TRY IT
Please restate word for word the lines of the entries below from the one with "pair of black" to the one with "A man in a gym", inclusive, and leave out every picture.

ENTRIES SUPPLIED
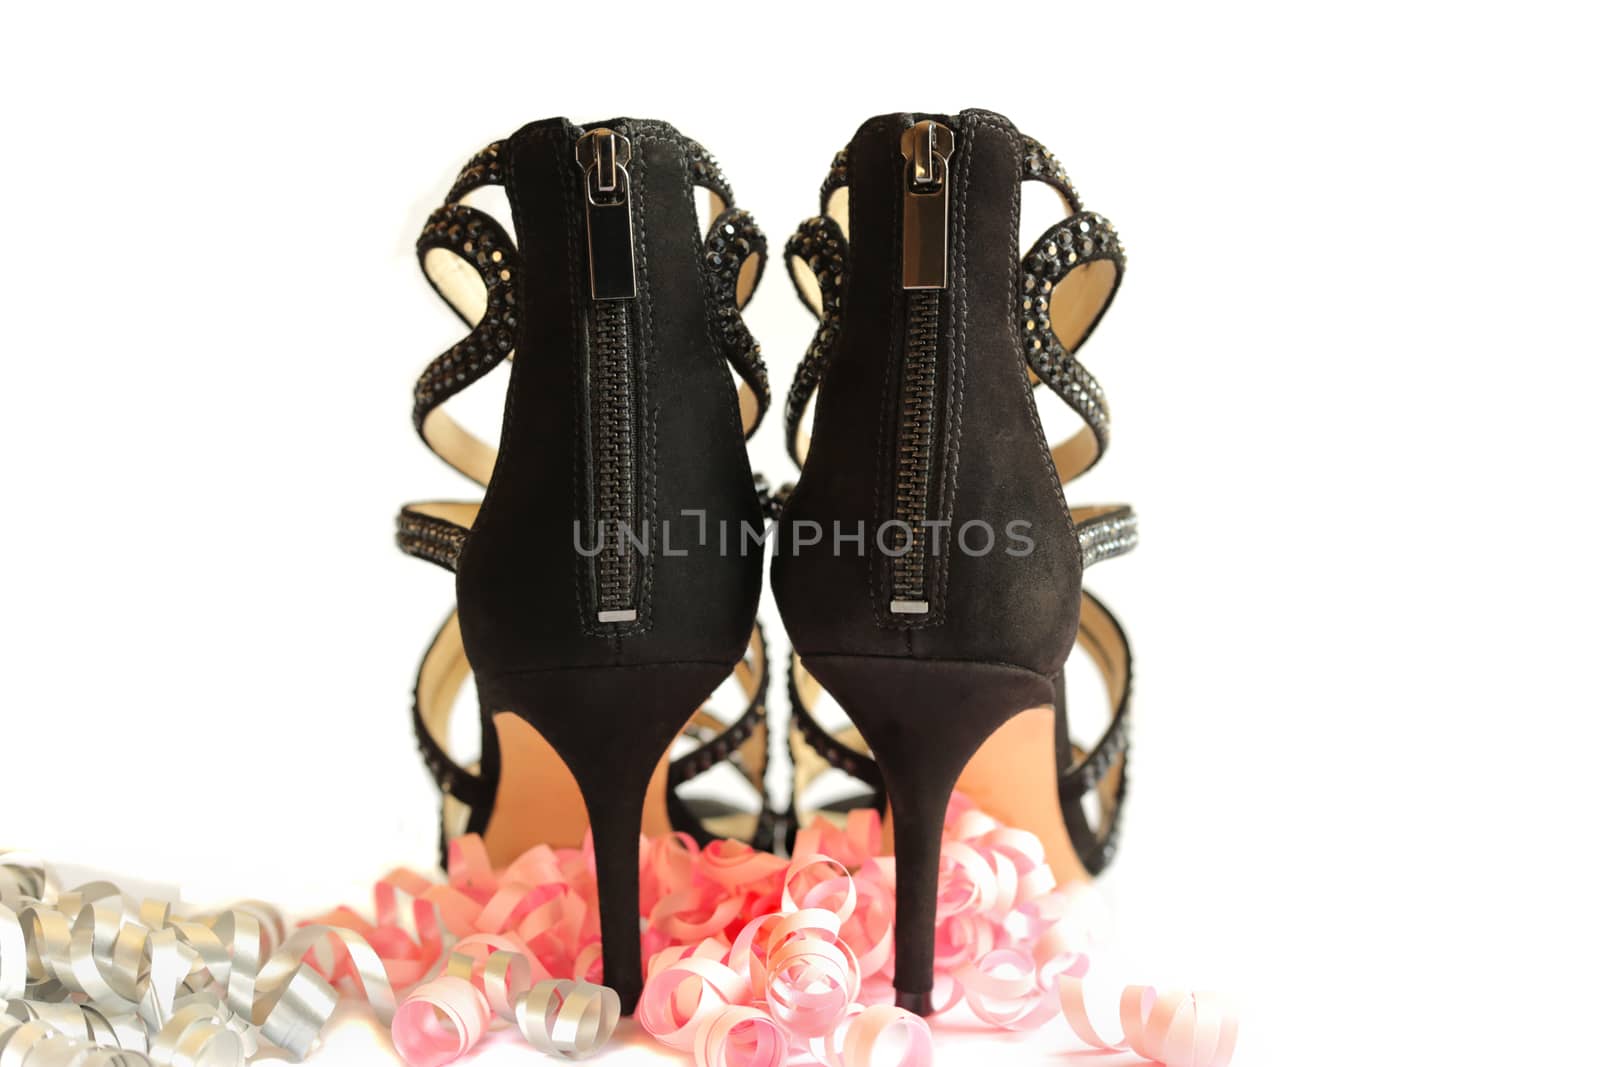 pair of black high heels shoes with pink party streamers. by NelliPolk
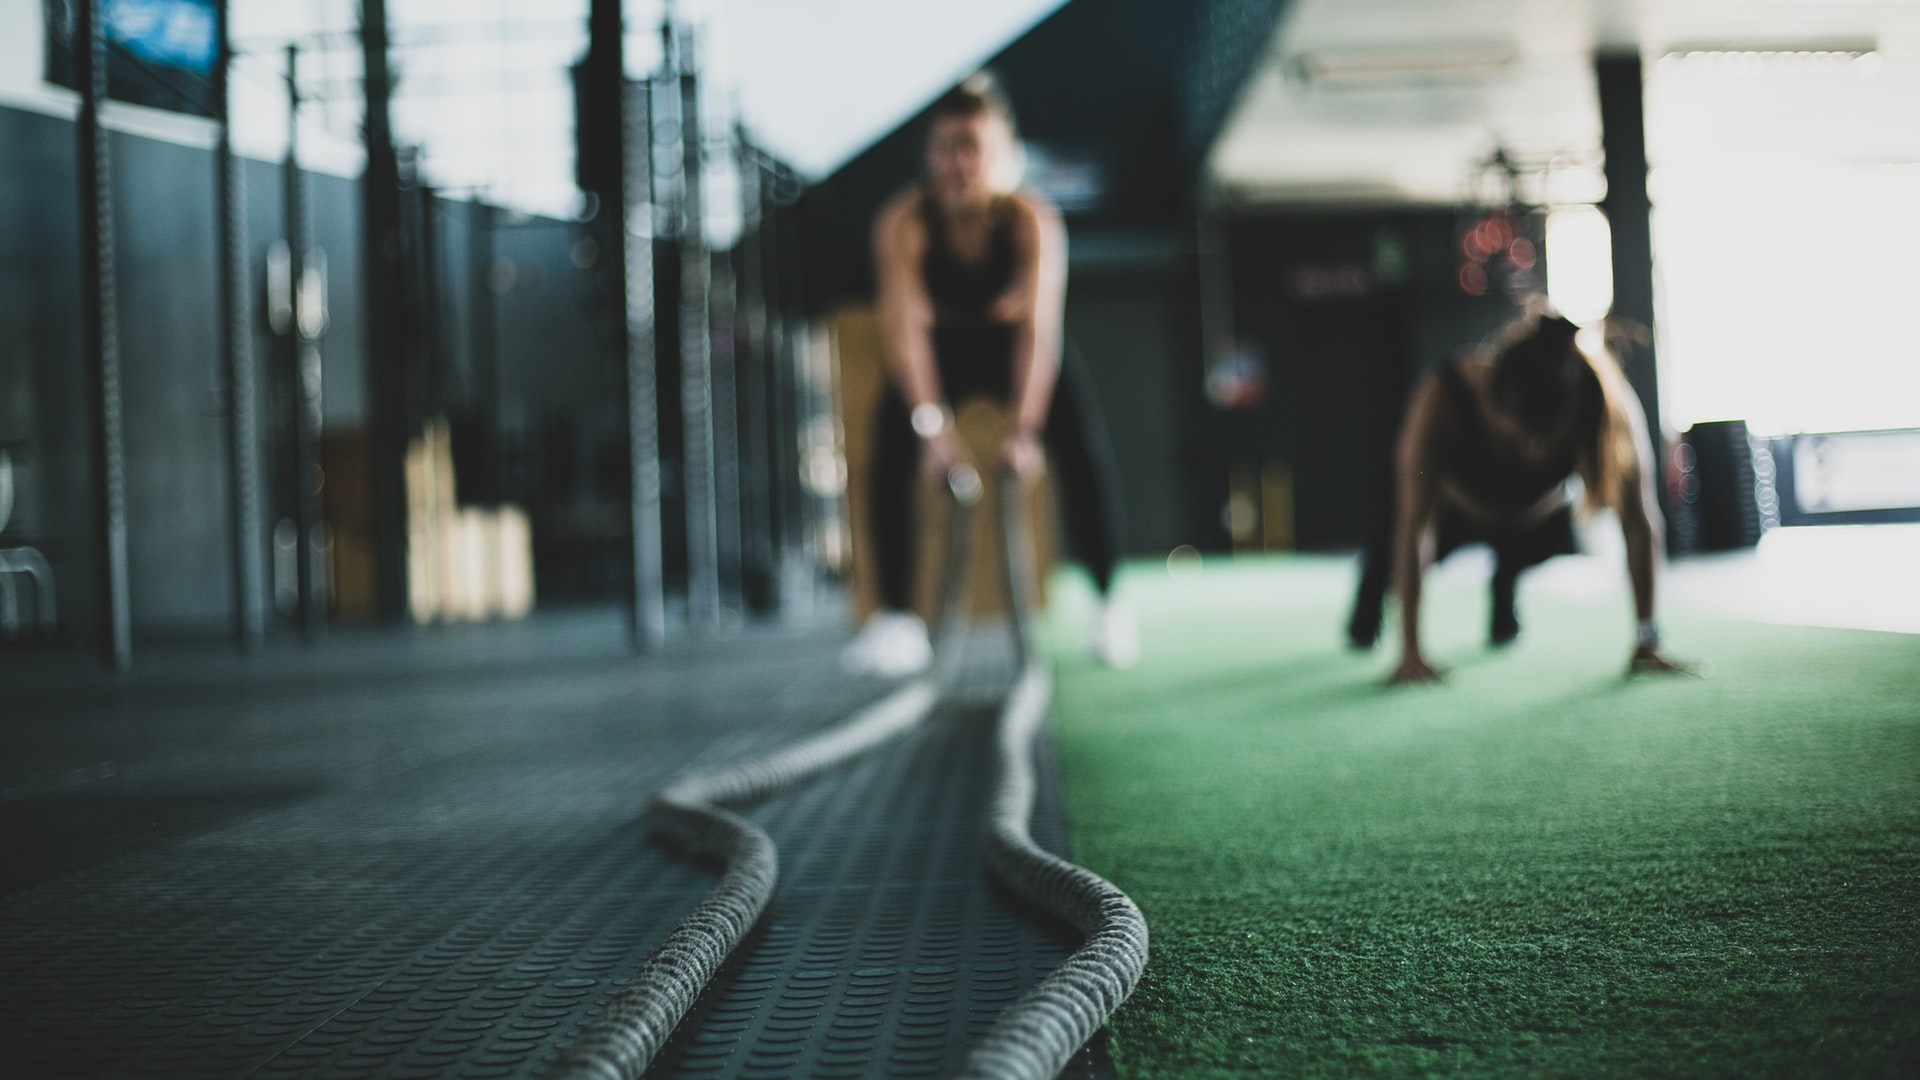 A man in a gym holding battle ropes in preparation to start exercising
--
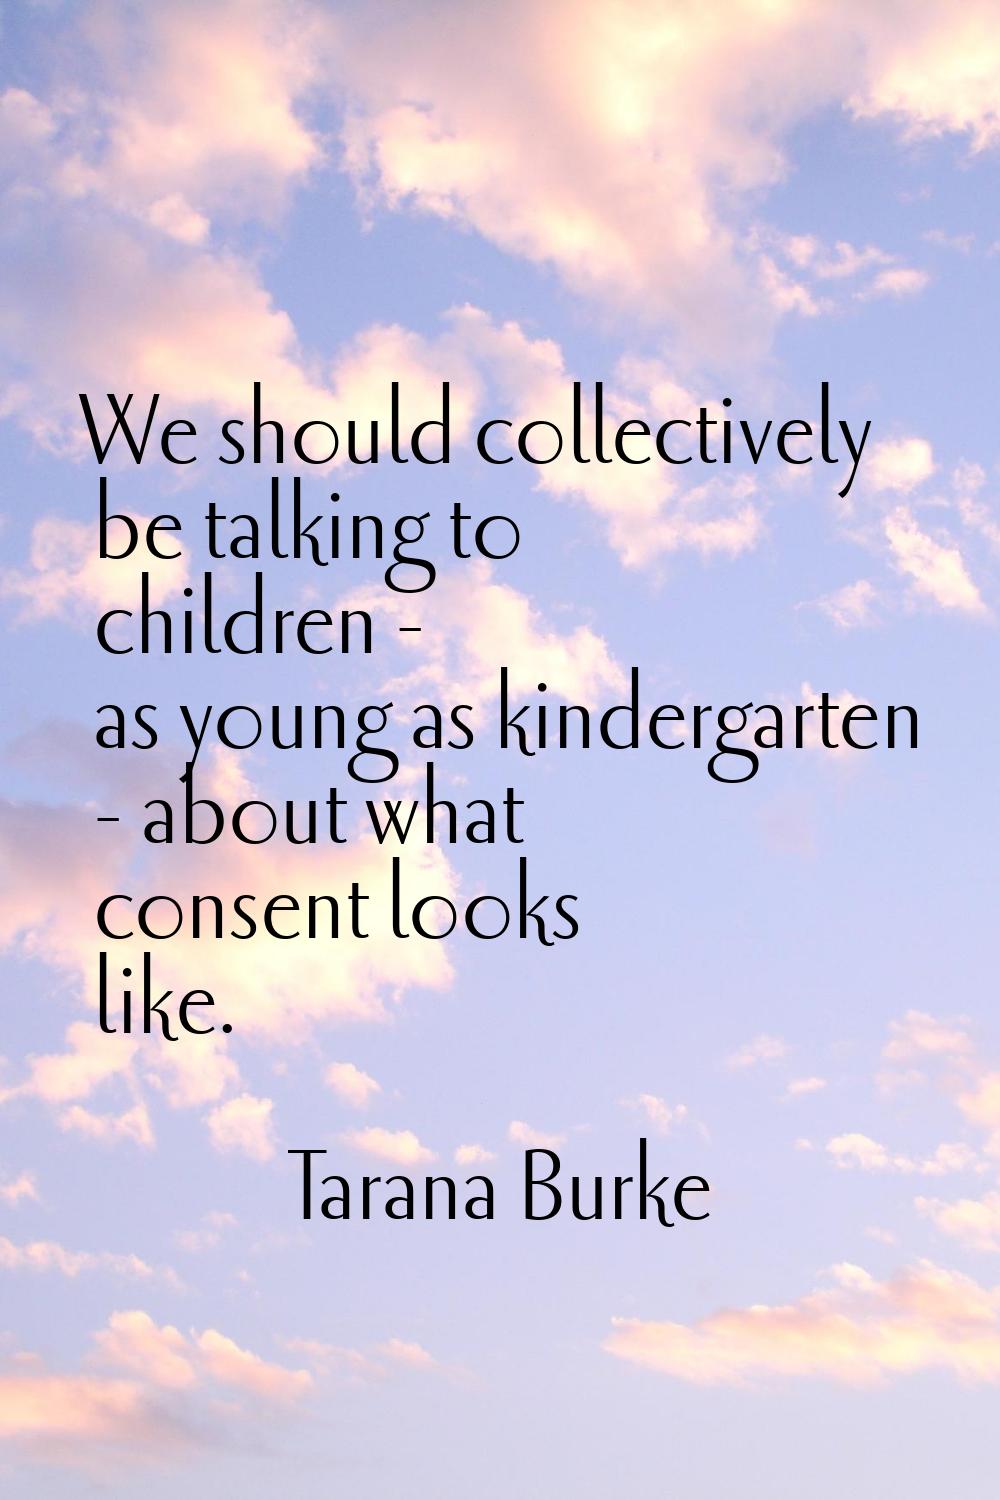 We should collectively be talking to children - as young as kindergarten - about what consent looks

EXERCISE RESPONSE
 pair of black high heels shoes with pink party streamers. by NelliPolk
 A man in a gym holding battle ropes in preparation to start exercising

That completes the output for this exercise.